It’s mainly children under the age of ten who are so open about these things. The older that children and adolescents get, the more they lose this trait and the more reserved they become. Once they reach adulthood, their openness often gives way to a reluctance to engage. People who have never been around someone with a disability before can find such an encounter particularly unnerving. They avoid or ignore the person more or less unconsciously, which amounts to limited participation in society.
That’s why it should be our aim to encourage such encounters – especially during childhood and in schools, but also later on in life – by making time and providing opportunities for people with and without disabilities to come together. This helps to build trust and raise awareness that our society is diverse and made up of very different people. Just as not everyone is good at football or mathematics, it shouldn’t be an issue if someone has only one arm or uses a wheelchair. We should treat the fact that we humans are different as perfectly normal.
Visiting school classes
But how can we take this topic into schools and get children interested without boring them or, worse, forcing them do something that they are perhaps reticent about or they don’t want to do?

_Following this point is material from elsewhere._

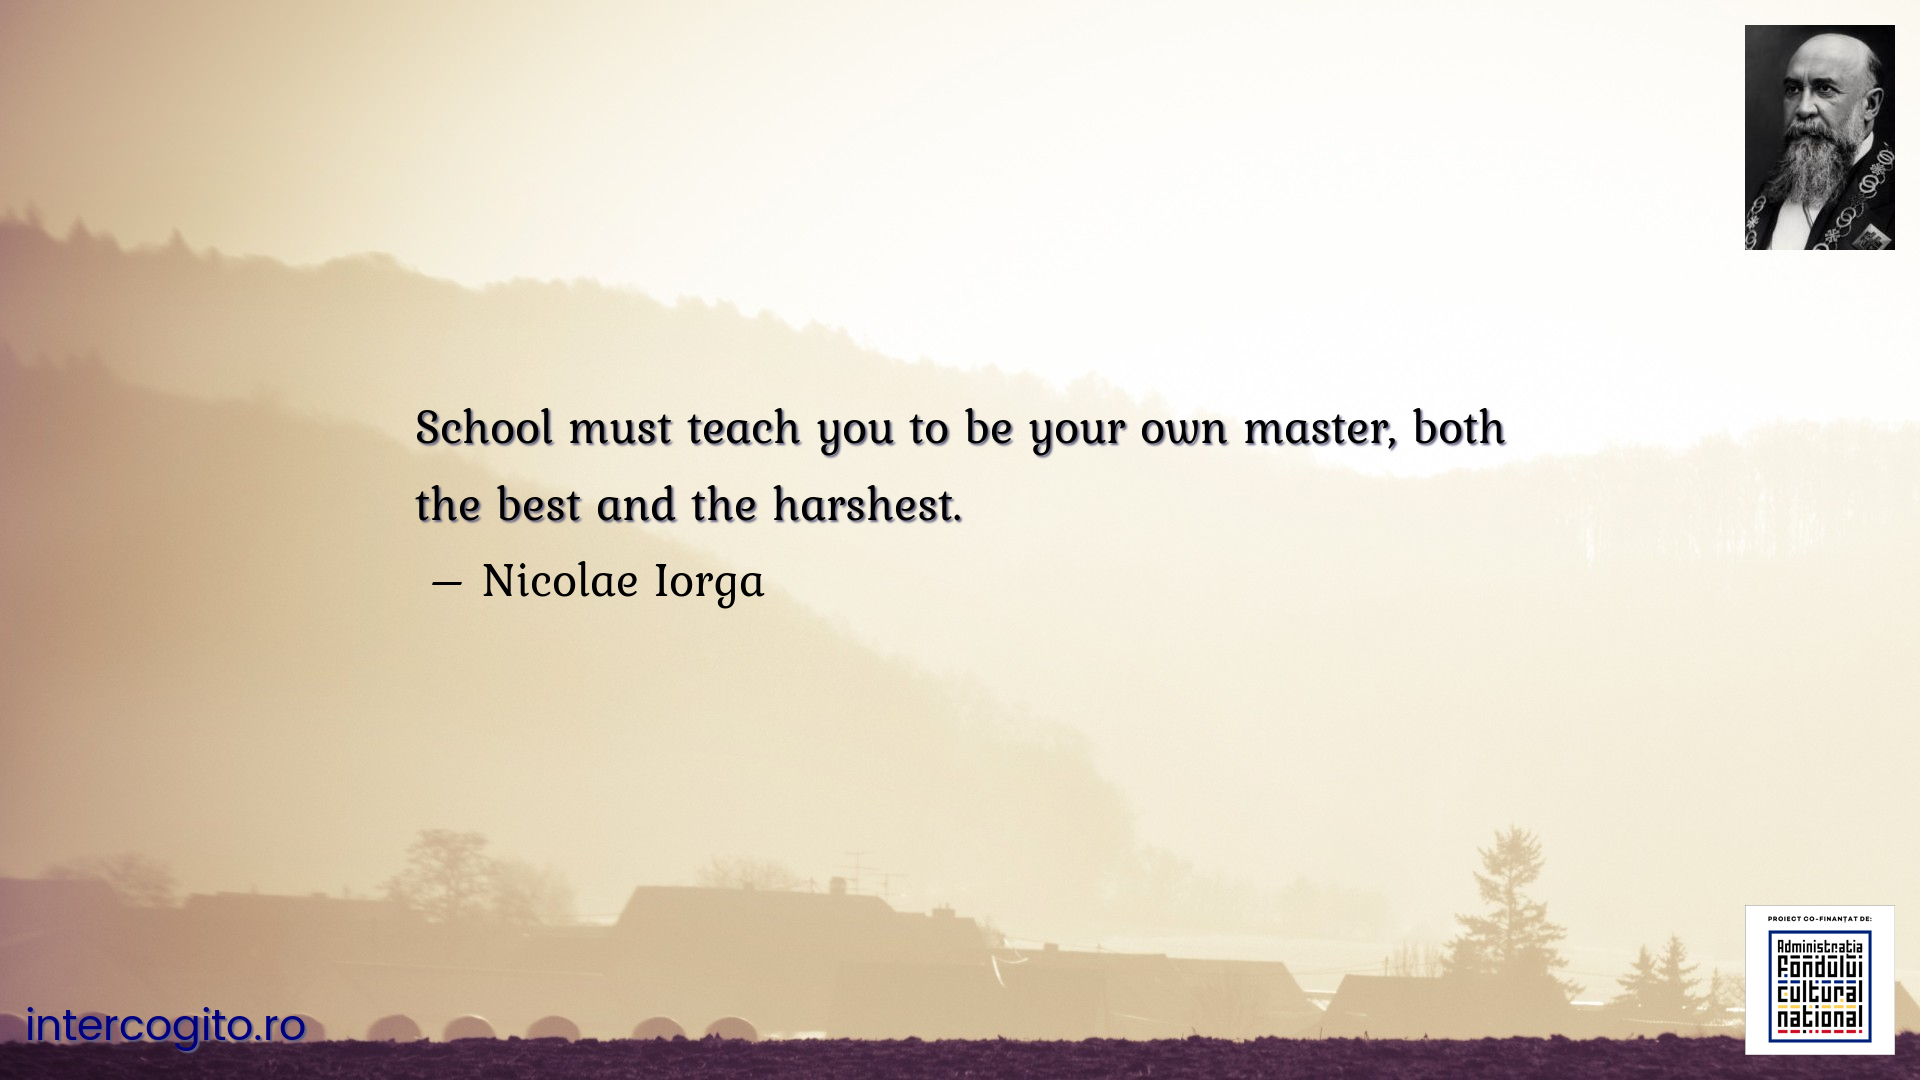 School must teach you to be your own master, both the best and the harshest.

Technology and robotics might have a key role to play here if they are used as a way to talk about physical disabilities.
That’s what we do in the
CYBATHLON @school
programme. Together with our partners, we developed various teaching modules in which a person with a disability teams up with an ETH coach to visit school classes and let the pupils experience the challenges that people with disabilities face in everyday life. Then, by way of specific examples, the children and young people experience for themselves how technology can benefit people with disabilities. The aim of getting the young people to interact with the person with a disability is to prompt them to think about how to break down barriers or how to develop tools that can help people with disabilities participate fully in society – in other words, with independence and self-determination.